# Activity
Quote word for word from the line holding "Crochet Crop Top (Turquoise and Purple)" to the last line below, including both, and omit any pictures.

# Source material
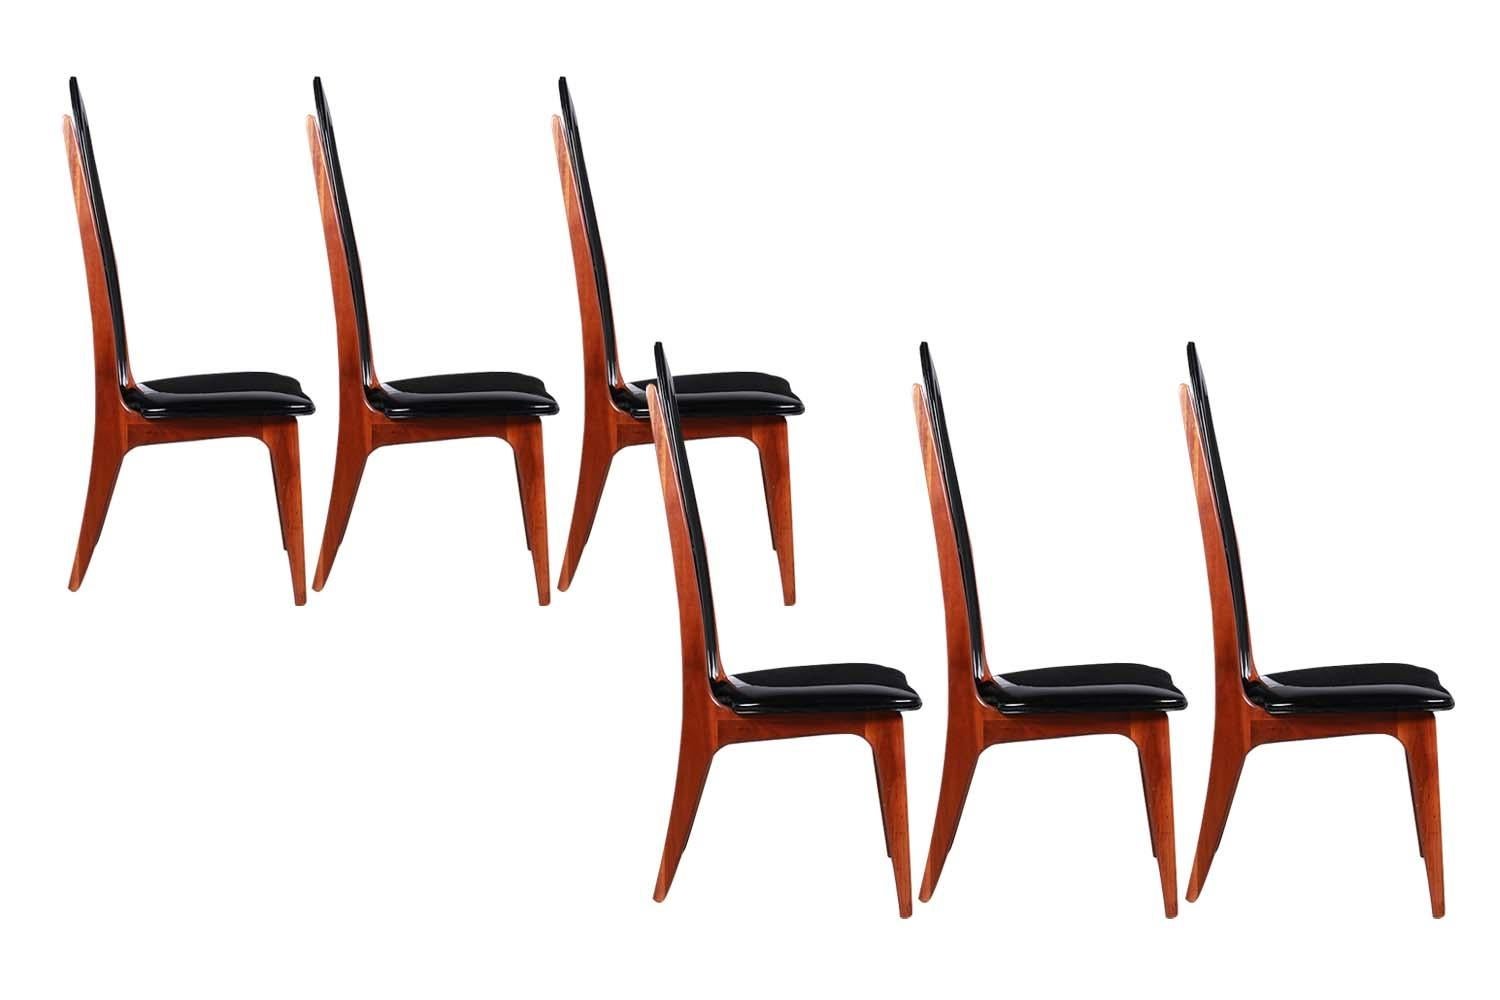 An outstanding set of six mid century dining chairs attributed to Adrian Pearsall. This stunning set of six highback chairs features high arched backs with two sleek walnut rails centered on the back over a walnut frame with splayed legs give these
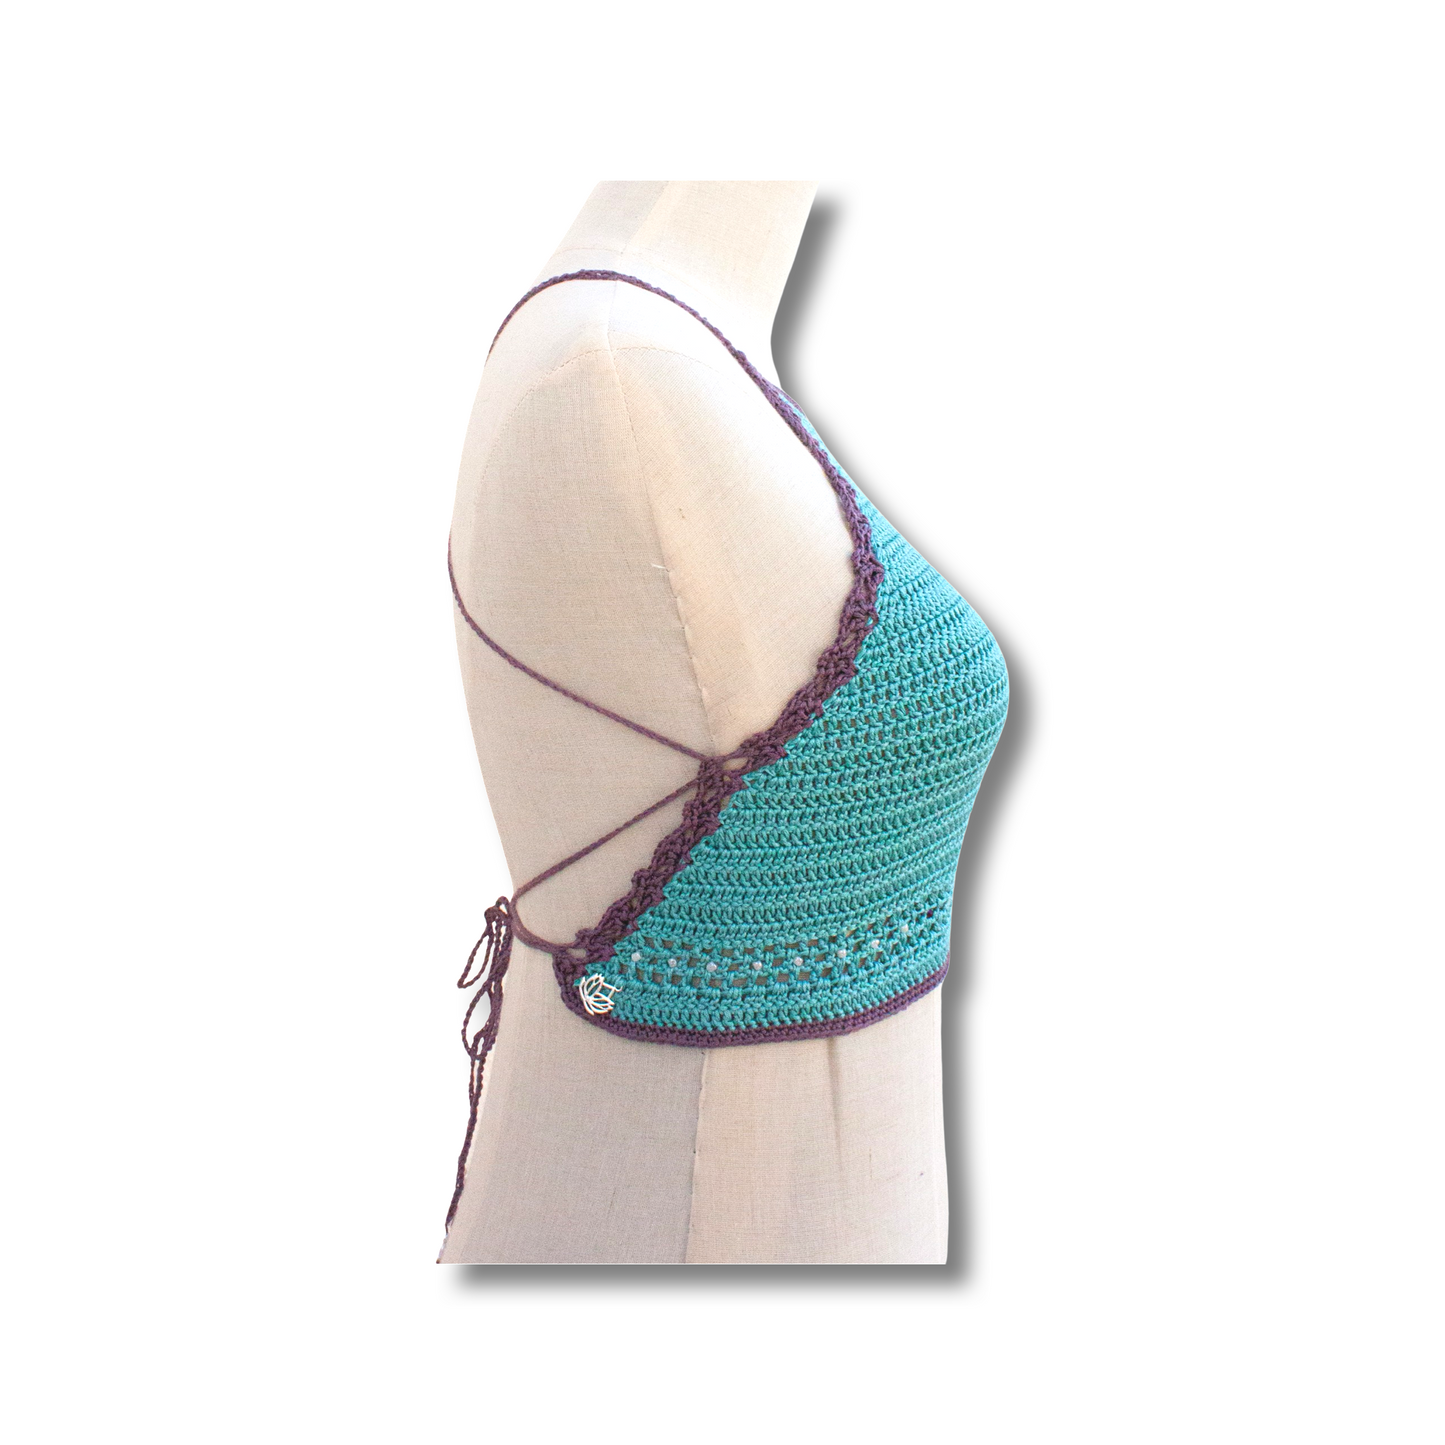 Crochet Crop Top (Turquoise and Purple)
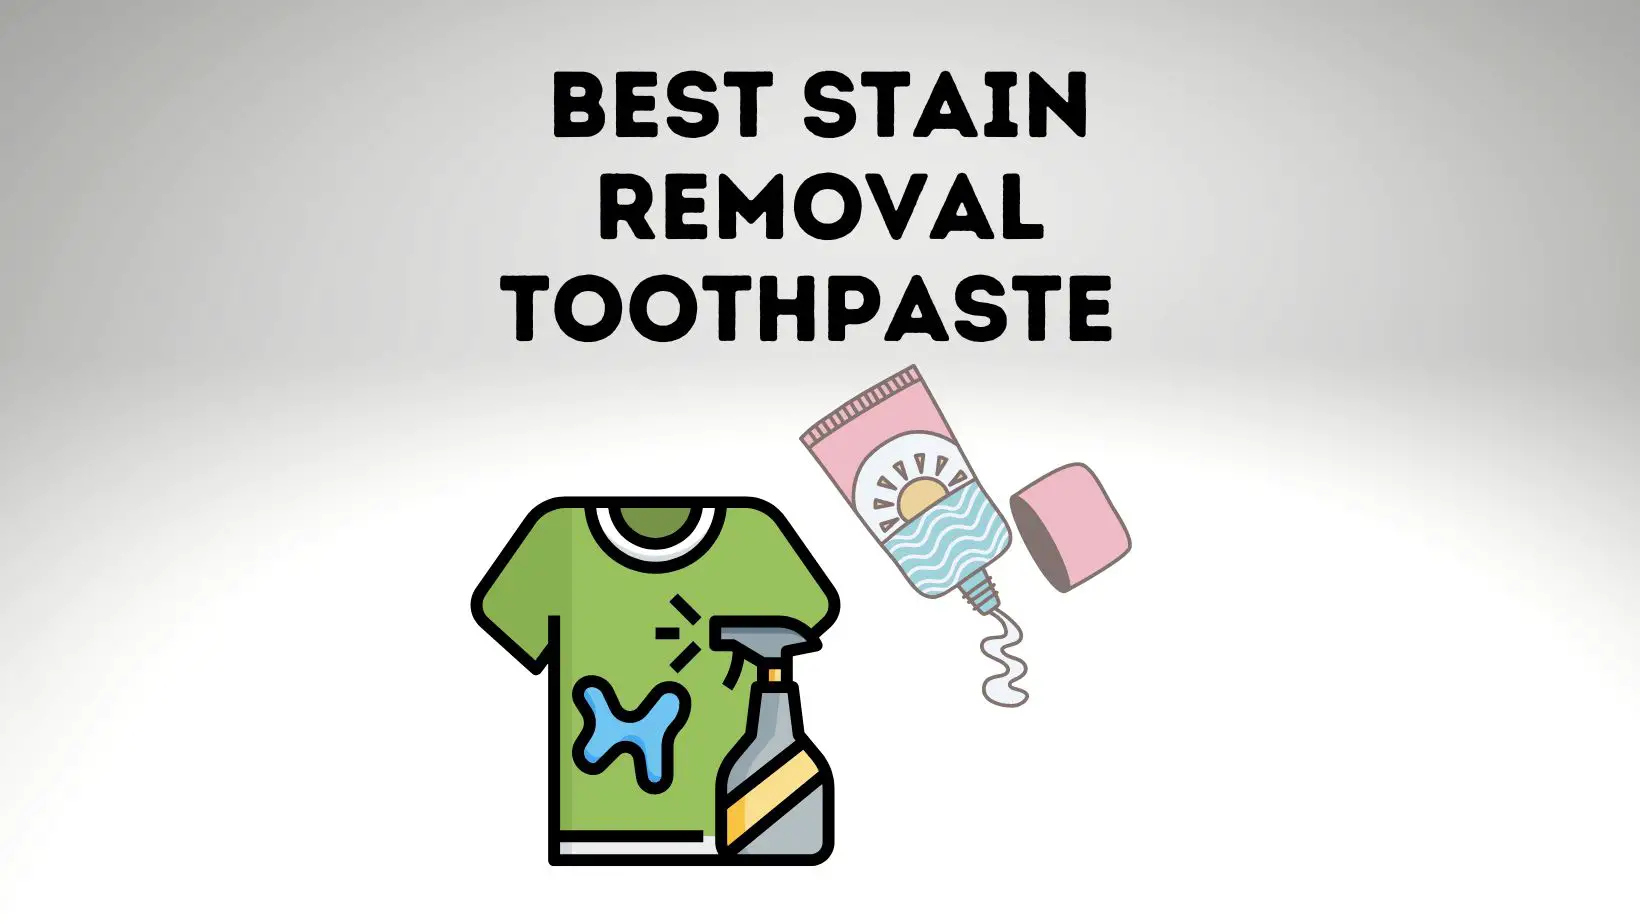 5 Most Effective Stain Removal Toothpaste

# Output of the exercise
 Crochet Crop Top (Turquoise and Purple)
 5 Most Effective Stain Removal Toothpaste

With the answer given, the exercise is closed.